David and Judy Glatzel in The Devil on Trial 

Blending interviews with Glatzel family members with reenactments, family photographs and home videos, writer/director Chris Holt paints the story of a dysfunctional family in peril. The film’s first hour, centered on the Warren’s alleged audiotaped evidence of youngest Glatzel son David’s possession, appears to support the claims that Arne Johnson was possessed by the devil when he killed his girlfriend Debbie Glatzel’s landlord/boss, just months after attending David’s exorcism. Their claim: the devil had migrated from David to Arne.

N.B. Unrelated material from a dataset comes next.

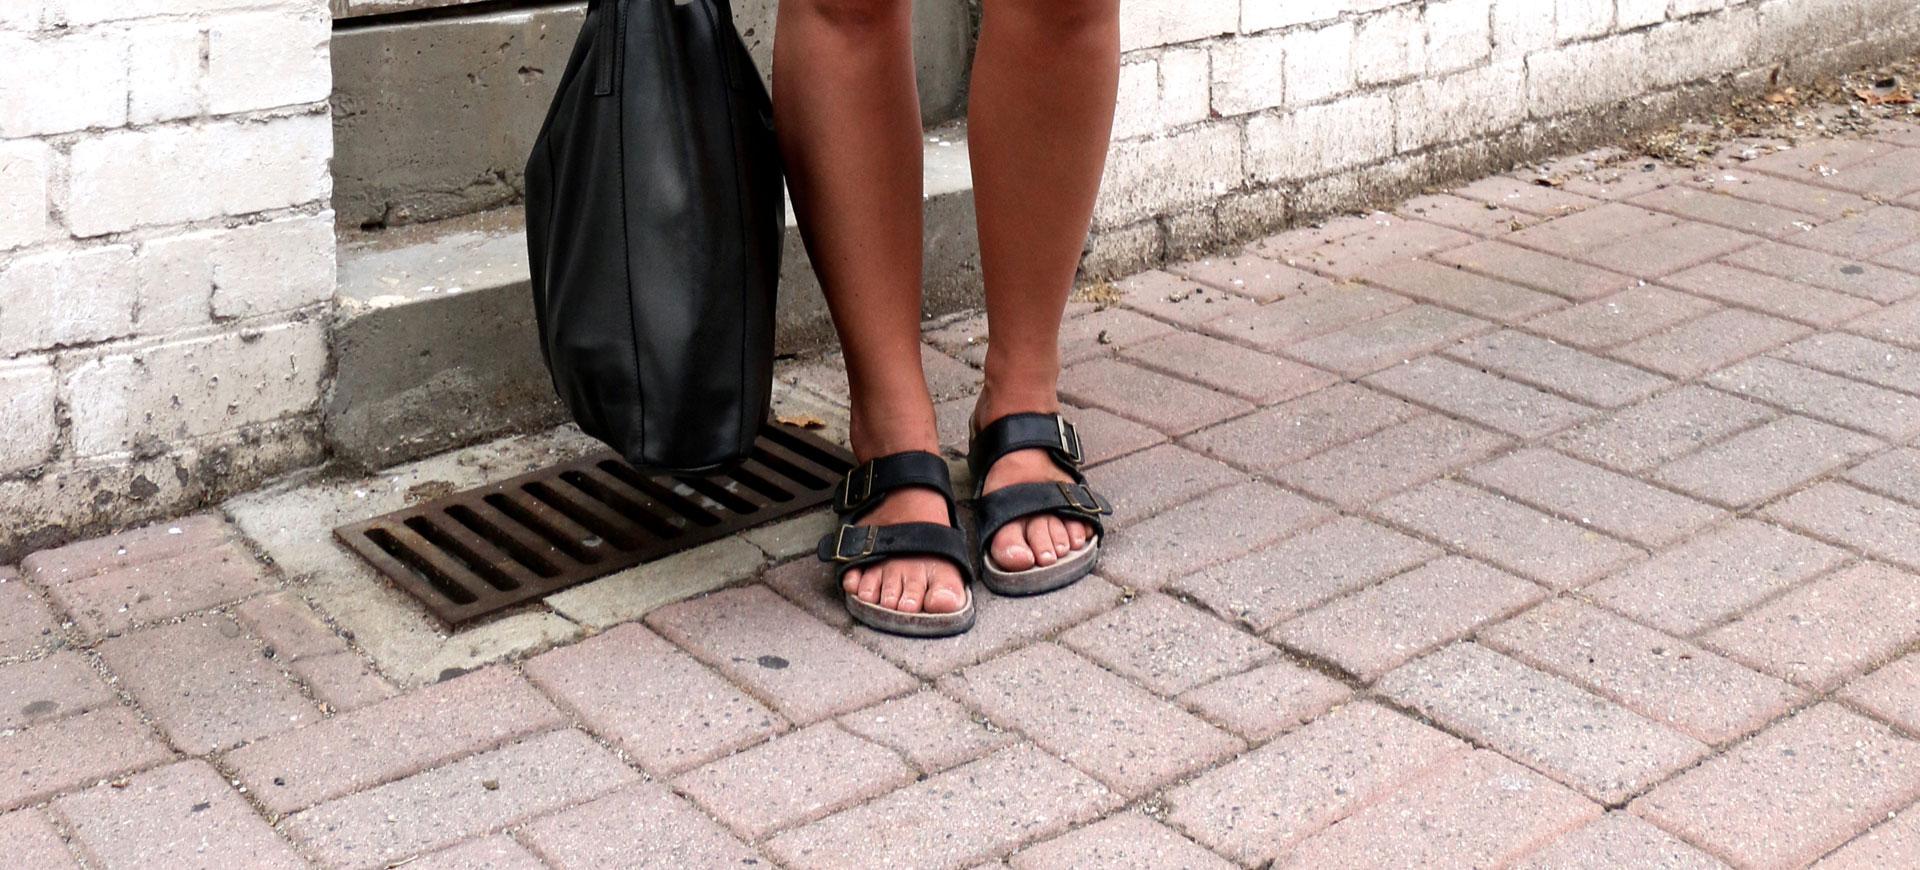 Sommarens snyggaste sandaler och tofflor

Ed Warren, David Glatzel, and Lorraine Warren in The Devil on Trial

In a very frustrating bait-and-switch maneuver, Holt leaves the most interesting details of the story for the film’s final 15 minutes, when oldest Glatzel son Carl reveals some shocking information about their mother Judy as well as the Warrens, painting the latter as fraudulent con artists taking advantage of a naive and emotionally vulnerable family and exploiting them for financial gain – hardly the venerated portrait of the Warrens in The Conjuring film franchise. This last-minute “a-ha” moment is only partially satisfying, since it raises many more unanswered questions about Debbie’s relationship with her dead landlord/boss and Johnson’s motive. The Devil on Trial is an interesting but sad story, sloppily handled.

REEL FACTS

• Both Arne Johnson and the late Debbie Glatzel worked with producers of The Conjuring: The Devil Made Me Do It and backed the Warrens’ version of events. Debbie’s brother Carl called the Warrens’ book, “The Devil in Connecticut,” and subsequent film a complete lie based on a phony get-rich scheme in which they paid the Glatzel family only $2000.

The former Warren residence and now-closed occult museum in Monroe, Connecticut. Trespassers will be prosecuted.

• From 1952 to Lorraine’s death in 2019, the Warren’s Occult Museum in the basement of their Monroe, Connecticut, featured artifacts from their many demonic cases.

• The most prevalent item, kept in a glass case in the basement, was the cursed Raggedy Ann doll by the name of Annabelle, made popular in several Conjuring films. Its former owner claimed the doll would mysteriously appear in different rooms of her apartment in disturbingly odd poses, along with brief messages scrawled in red crayon on parchment paper.